The second challenge that the king of the Khazars poses and that Rabbi Yehuda Halevy left unanswered was the king’s sharp retort to the Jewish sage’s praise of Jewish humility and our superior ethics:
כֶּן־הוּא אִלּוּ הָיְתָה כְנִיעַתְכֶם בְּרָצוֹן. אֲבָל הִיא בְהֶכְרֵחַ, וְכַאֲשֶׁר תִּמְצָא יֶדְכֶם תַּהַרְגוּ.
This might be so, if your humility were voluntary; but it is involuntary, and if you had power you would slay.
Centuries later Rabbi Joseph Soloveitchik echoed that question in a 1959 lecture where he said:
… Now, with the State of Israel, we are facing the test. Will we behave like any other state, ethically? I believe that statehood itself implies an intrinsic contradiction to ethics; [even] the best one. Will we act differently or will we yield to temptation? The problem is, here we have an opportunity – the Jews are the rulers, they legislate the laws, they are the masters, so to say. We have never been masters, obviously. We have always been the subordinates. Always. Since the destruction of the Second Temple 1900 years ago. Will we act like masters or will we understand that Judaism does not know the concept of master and slave, victor and vanquished, powerful and weak? This is my problem with regard to the State of Israel…The whole of Jewish history will be interpreted in terms of what the State of Israel will do in the next fifty years. If the State of Israel will not live up to the great hopes and challenges of Judaic ethics… then the whole of Jewish history will appear in a different light.
The fifty years that Rabbi Soloveitchik contemplated in 1959 has already elapsed but I feel his question hanging over us. The very best questions work that way. And, not for the first time, I found a semblance of guidance in remarks delivered this week by Rabbi Chaim Brovender, my first rosh yeshiva and a student of Rabbi Soloveitchik who made aliyah just a few years after Rabbi Soloveitchik posed his question. I always find it moving to listen to Rabbi Brovender on Yom Ha’Atzma’ut as he reflects on his life in Israel and the achievements and challenges he has seen over the decades.

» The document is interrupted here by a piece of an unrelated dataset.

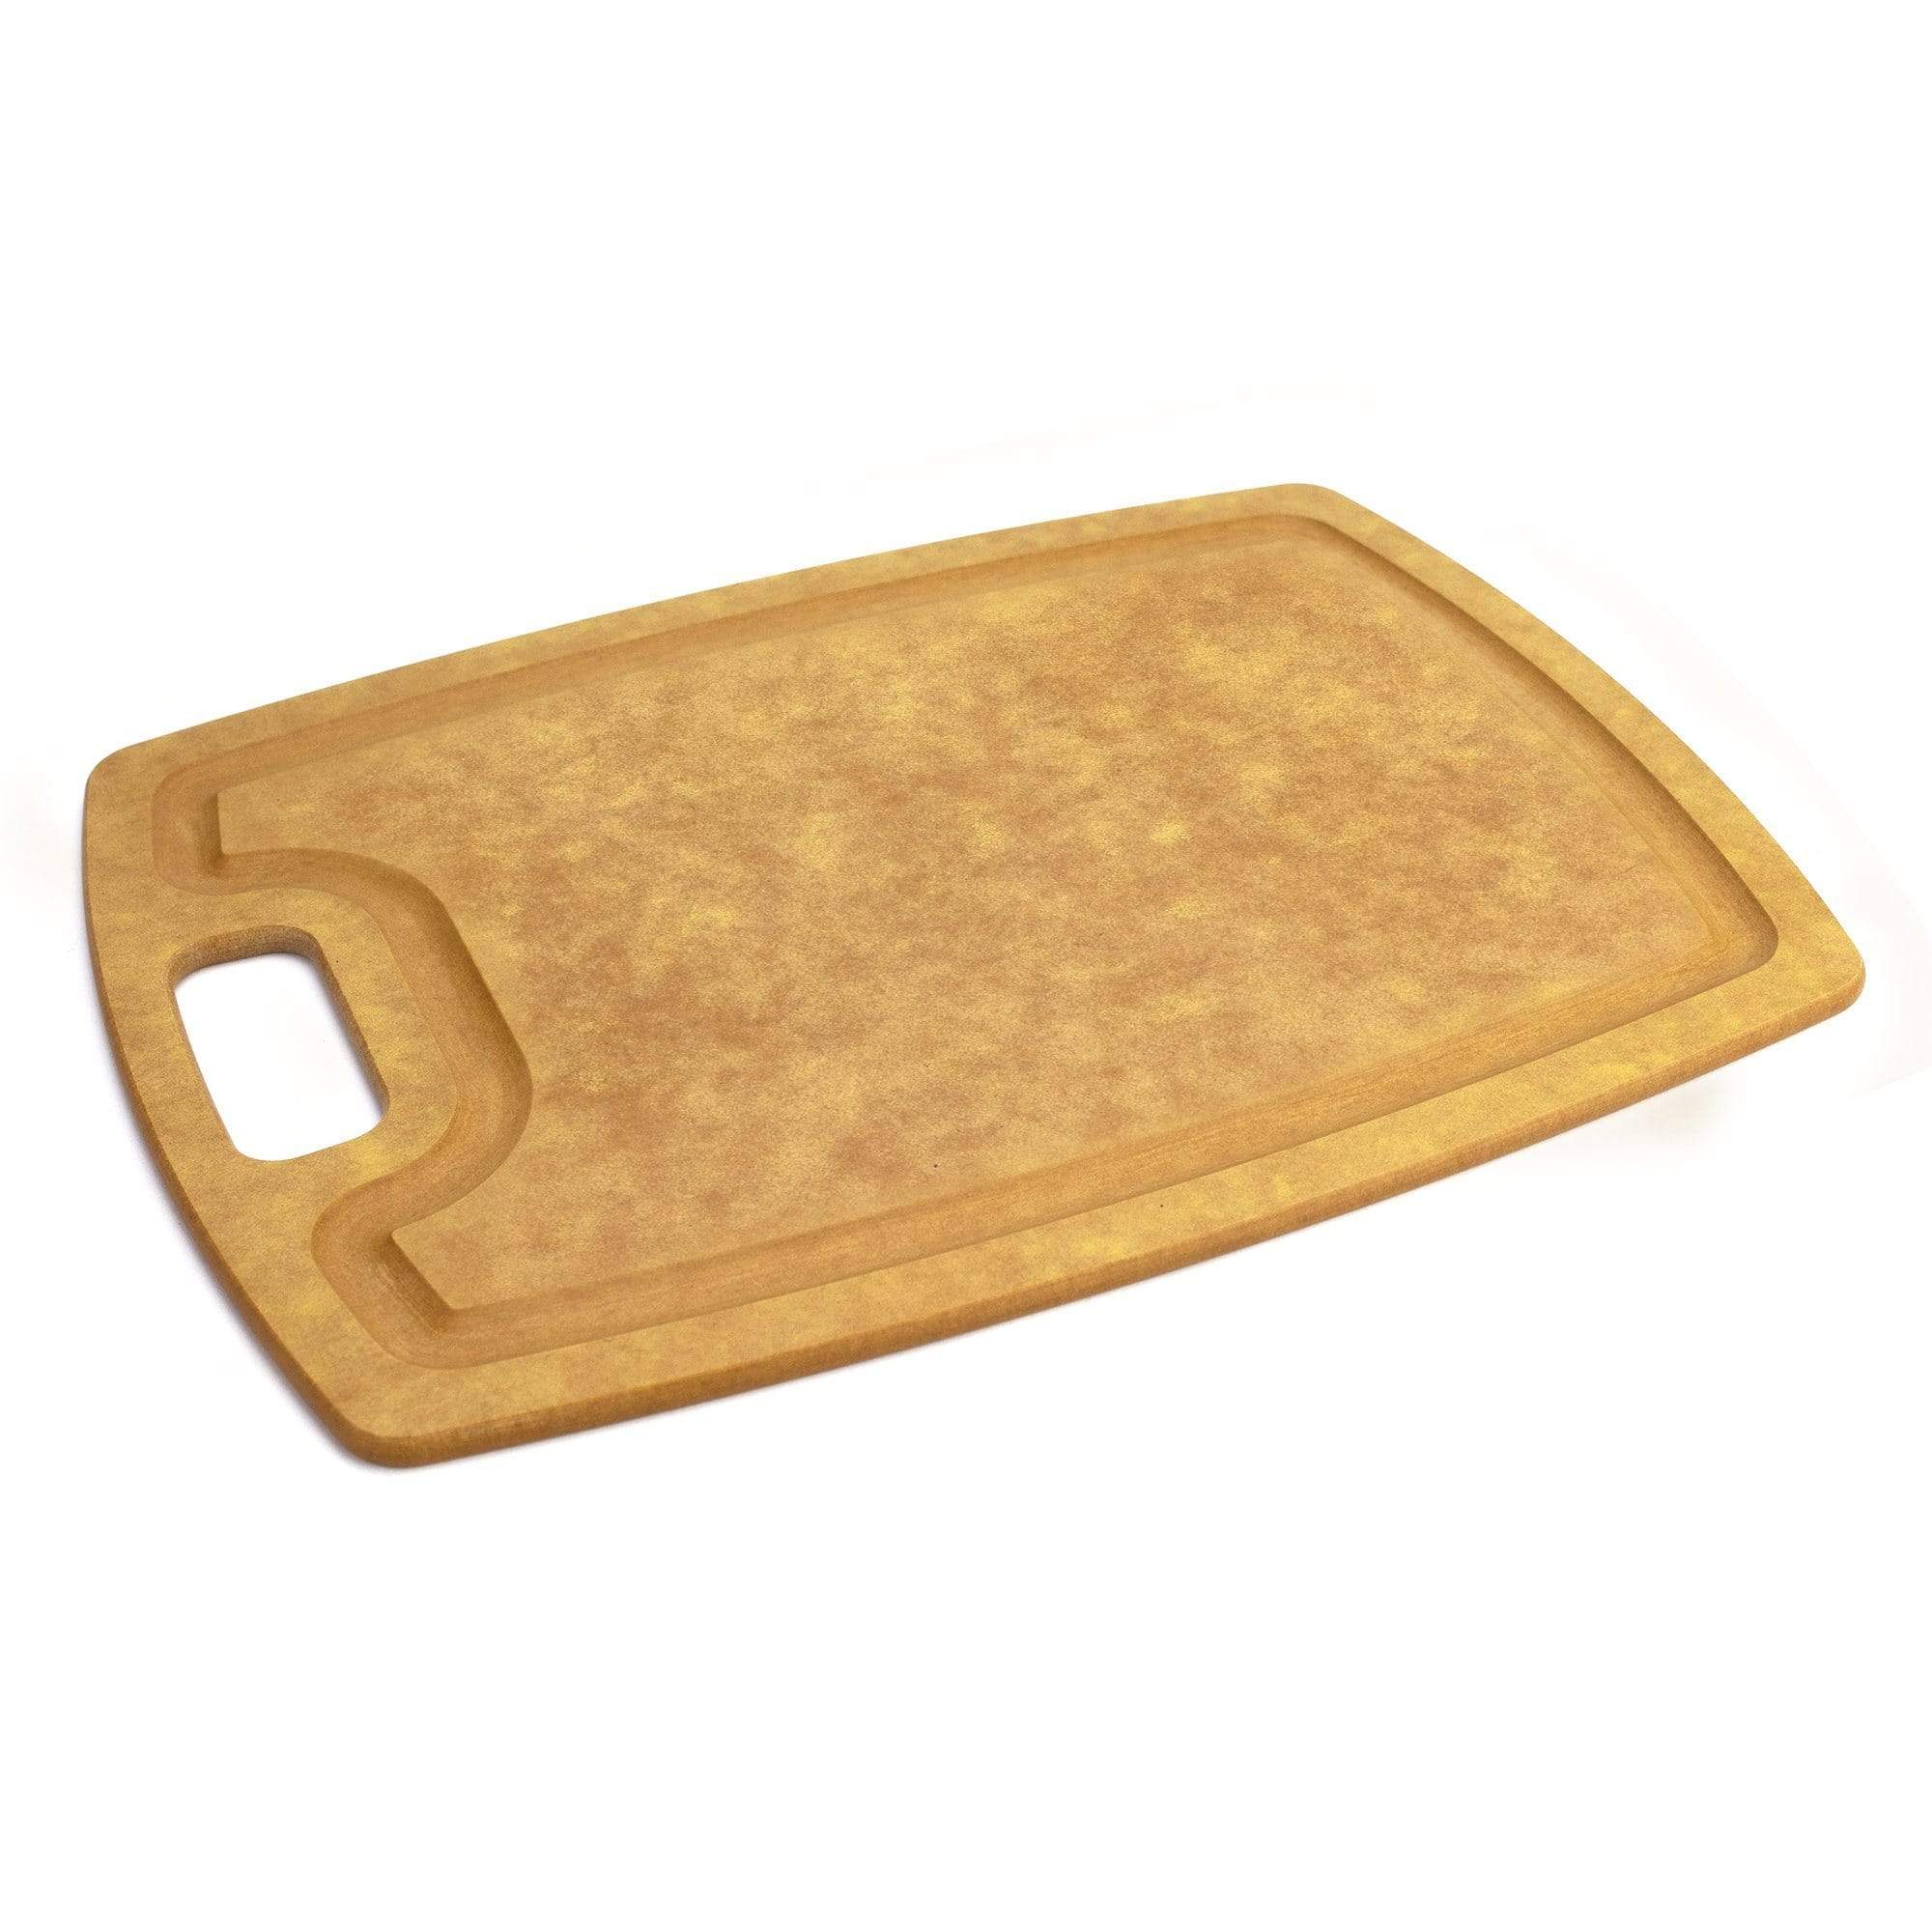 Totally Bamboo Vellum™ Wood Paper Composite Cutting Board with Juice Groove, 11-3/4" x 8-1/2" | Dishwasher Safe

This year he quoted and elaborated upon a Gemara in Sanhedin in which Rabbi Yohanan teaches that “Ben David” – Mashiach – will only come to redeem us in a generation that is entirely guilty or entirely innocent.
אֵין בֶּן דָּוִד בָּא אֶלָּא בְּדוֹר שֶׁכּוּלּוֹ זַכַּאי, אוֹ כּוּלּוֹ חַיָּיב.
What could Rabbi Yohanan, who lived in Eretz Yisrael in the very heart of the Talmudic period – as a second generation Amora, have meant by setting such extreme limits on the timing of redemption?
Rabbi Brovender suggested that were a generation to arise that was entirely righteous, then God could bring history to an end because there would be nothing else for humanity to learn. And if there were a generation that was entirely wicked, then God must bring history to an end because an entirely guilty generation would have indicated our own utter failure to accomplish anything on earth.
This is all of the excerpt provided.